The Eagles believe they have what it takes for a deep run in the playoffs, even without their star QB.

LOS ANGELES –- The Philadelphia Eagles here on Sunday won their first NFC East title in four years and lost their quarterback. It was as sugar and salt an episode as any of them could remember.

Their 43-35 tingling victory over the Los Angeles Rams made them laugh on the outside and cry on the inside. It made them smile and it made them frown.

Now what?

Nick Foles is what. Carson Wentz’s knee injury, a torn ACL, will cost him the rest of this season. Foles is the backup-turned-starter asked to lift an 11-2, current NFC-top seed playoff team even higher.

The Eagles hope their furious offensive scheme and their array of offensive weaponry can offset the loss of Wentz. They hope Foles can be the quarterback he was for them in 2013 when he threw 27 touchdown passes and only two interceptions, not the pedestrian one that surfaced for the Rams and Chiefs afterward before he returned to Philadelphia this season.

“Well, that guy,” Foles told me as he left the Los Angeles Coliseum, “is still here.”


And Wentz is not.

In a shiny quarterback matchup between last year’s No. 1 (Jared Goff) and No. 2 picks, Wentz threw for 291 yards and four touchdowns before leaving the game due to a hit he took on his left knee late in the third quarter. In a significant sugar/salt moment for Wentz, he reached 33 touchdown passes for this season, the most in a season in Eagles history, surpassing Sonny Jurgensen’s 32 in 1961. Imagine how Wentz would have inflated that number with three regular-season games left.

He considered himself and the Eagles Super Bowl bound but now will watch to see if his team can get there. Goff (199 passing yards, two touchdowns) lost this encounter but remains alive for more. The Rams slipped to 9-4 and occasionally looked like the better team in this sizzling clash.
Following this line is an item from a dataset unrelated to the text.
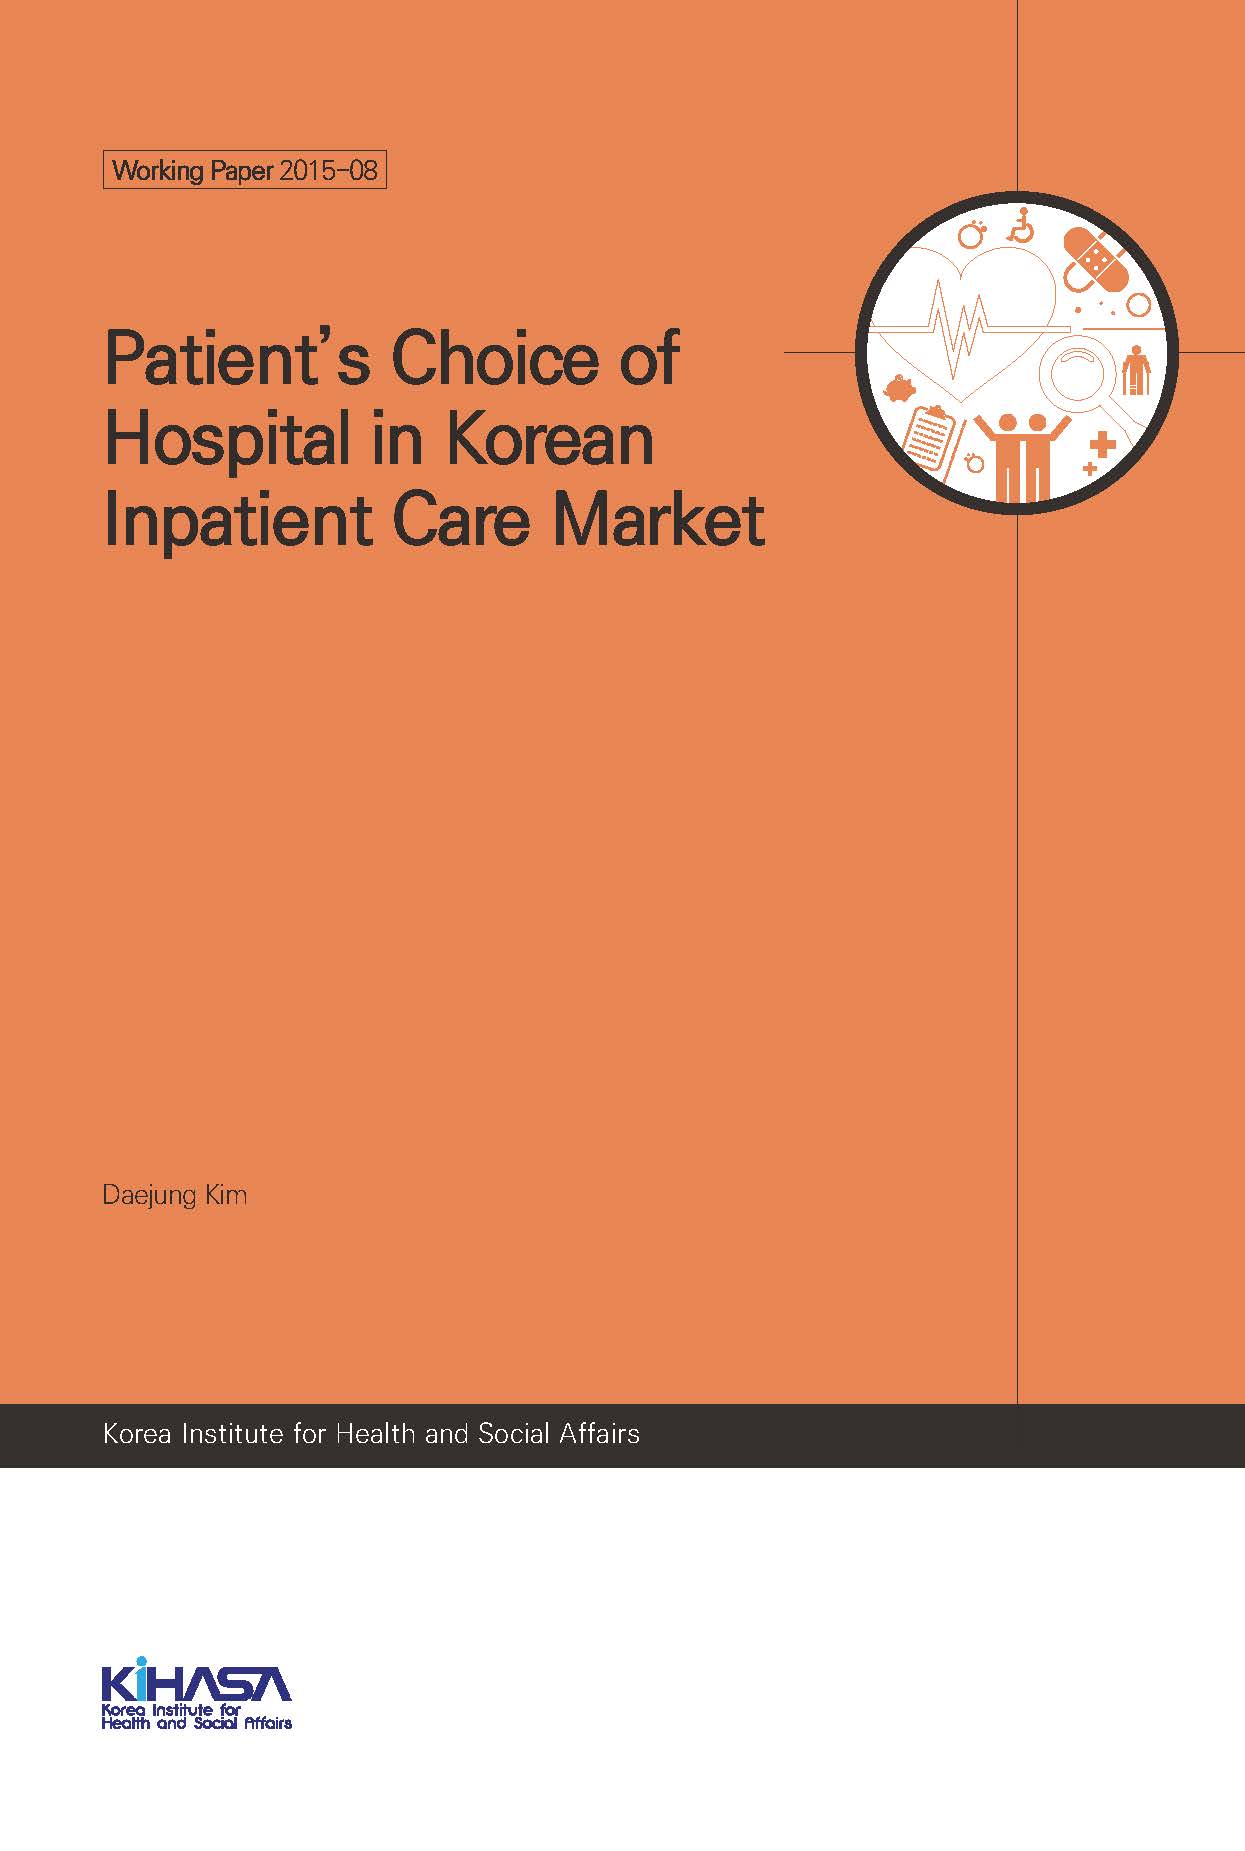 Patient’s Choice of Hospital in Korean Inpatient Care Market

But Foles did enough in reserve to help the Eagles win it, and defensive end Chris Long made the play that shook it the Eagles way.

Long ripped around the left end and flew into the air while slapping the football from Goff’s hands. Long’s vault and forced turnover happened with 8:13 left and set up a field goal that gave Philadelphia a 37-35 lead. It was a menacing, athletic play.

It was a leap of faith.

“I saw the ball as he cocked it,” said Long, “and I took a chance leaving my feet pretty sure I could get there in time. I saw it. I just knew it.”
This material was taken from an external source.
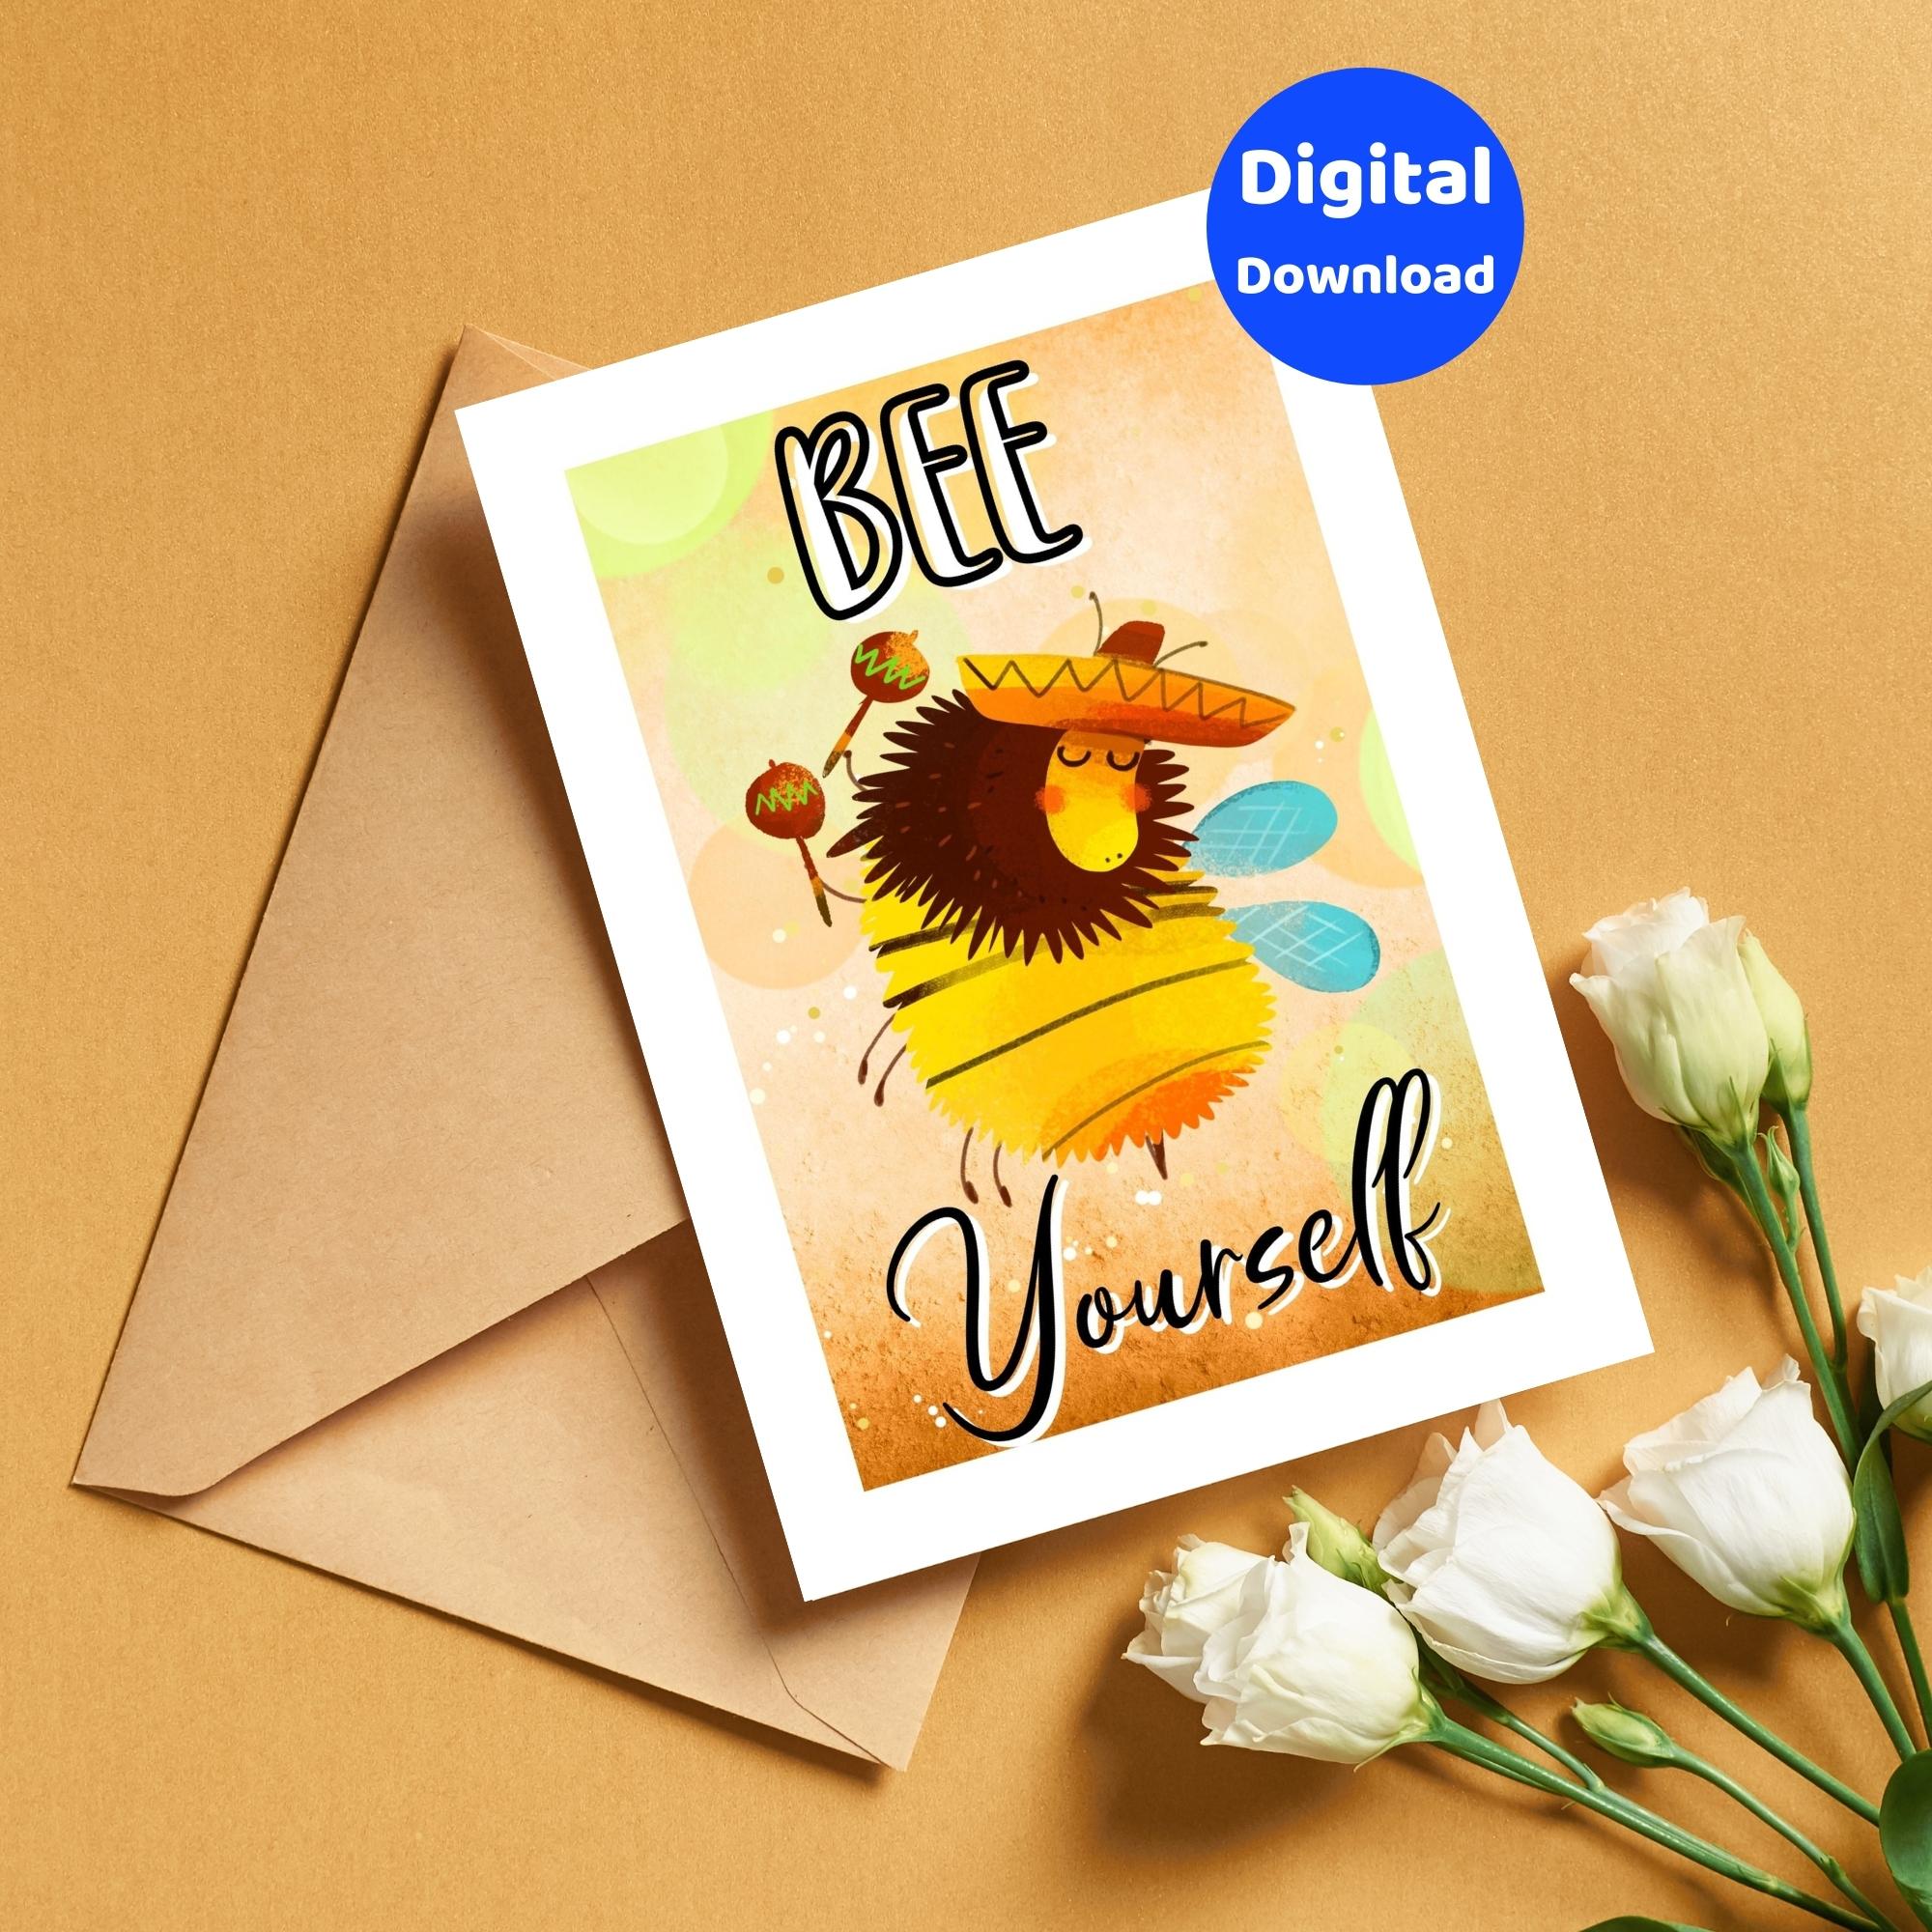 A printable bee greeting card with the sentiment "Bee Yourself".

That was how the Eagles played the entire game.

Aggressive. Bold. Risky.

Early on they threw it long on a third-and-1 play, and it worked. They chucked it longer on a fourth-and-1 call before the half and that clicked. They went for it on a fourth-and-goal at the Rams’ 3-yard line late in the third quarter and converted. Those were among their brash offensive shots, but their defense, with Long’s leap the signature moment, took frisky shots, too.

“That was a great play,” Eagles coach Doug Peterson said of Long. “But we had a few of those tonight. And we needed them.”
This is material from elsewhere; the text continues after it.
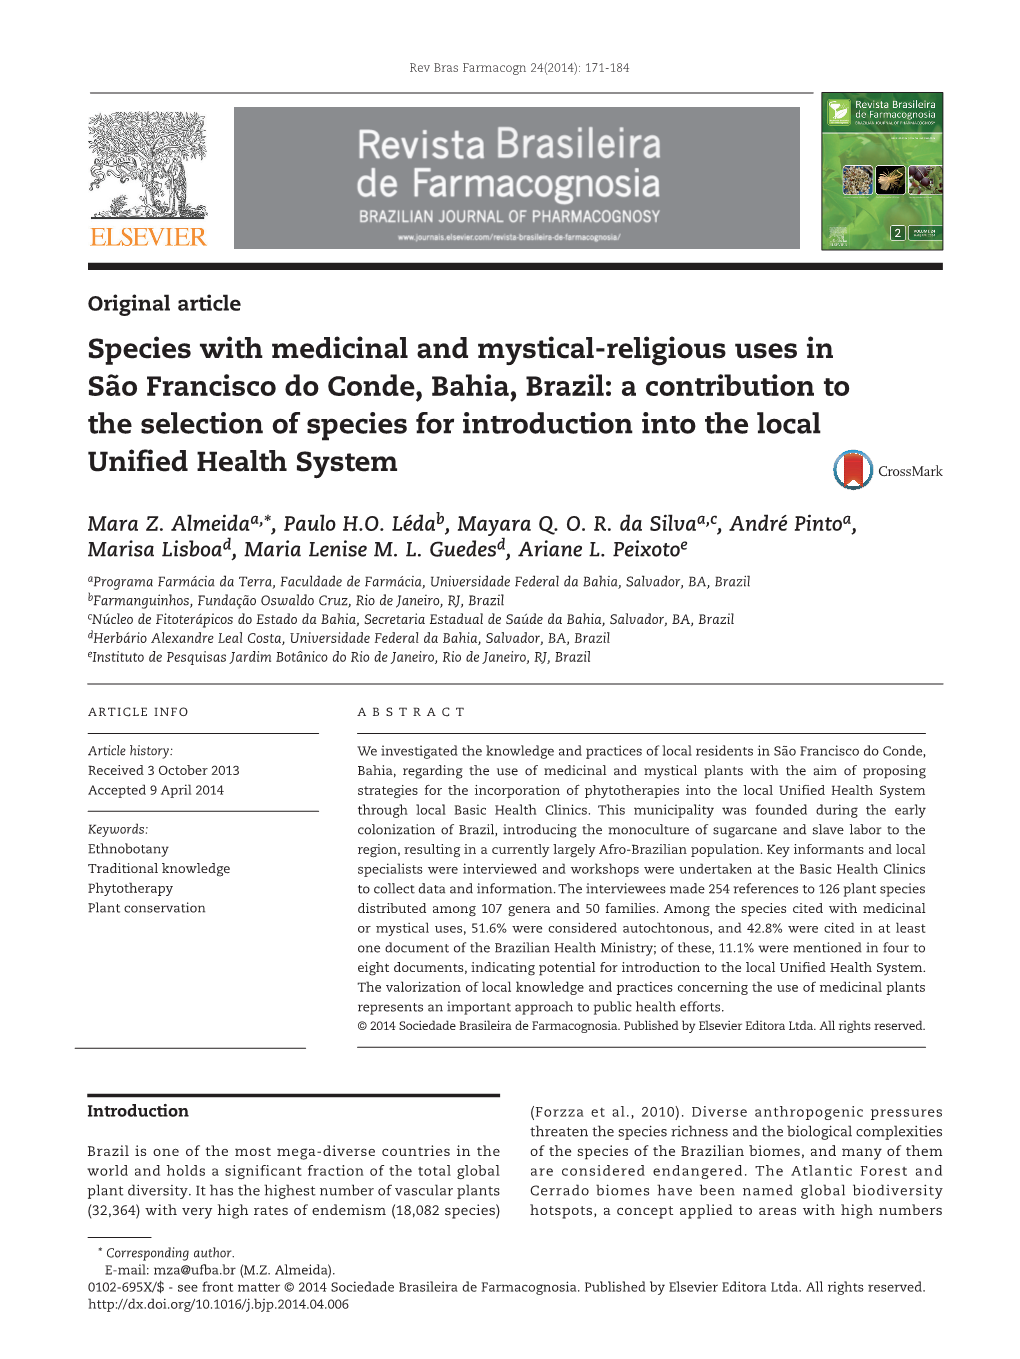 Species with Medicinal and Mystical-Religious

The Rams kept answering until they couldn’t. They kept fighting until they blew up defensively with late penalties that kept Eagles drives functioning. The Rams saw Wentz go down, Foles enter, Goff battle and the game achingly slip away.

“It sucks to lose,” Rams linebacker Alec Ogletree said. “Things happen in the heat of the game that you wish you could have done differently. We’d like to get to the playoffs and see them again.”

Minus Wentz.


Foles described his history with Pederson as long and layered. He said Pederson has confidence in him. And Foles has confidence in himself.

He said “Carson is a big piece of the puzzle” and “it’s emotional for me” as he watched the Eagles lose their starting quarterback.

But, he said, “I’m gonna be me.”

Which me? The streaky Foles or the steady one?

And now what? NFC East champs then busts?

There is accountability among this Eagles team that has served them well, their veterans say. They expect Foles to artfully operate and for the defense to do more.

“After Carson took that hit, he came back to the huddle and you could tell something was bothering him, that something was not right,” Eagles center Jason Kelce said. “He fought through it as long as he could. We fully expect Nick to give us everything he has.”

It was the best and the worst all wrapped into a bundle of energy and nerves for the Eagles on this day of accomplishment yet grief. Everything is still out there for them to take, Pederson insisted.

It sounded like another Eagles leap of faith more than a promise.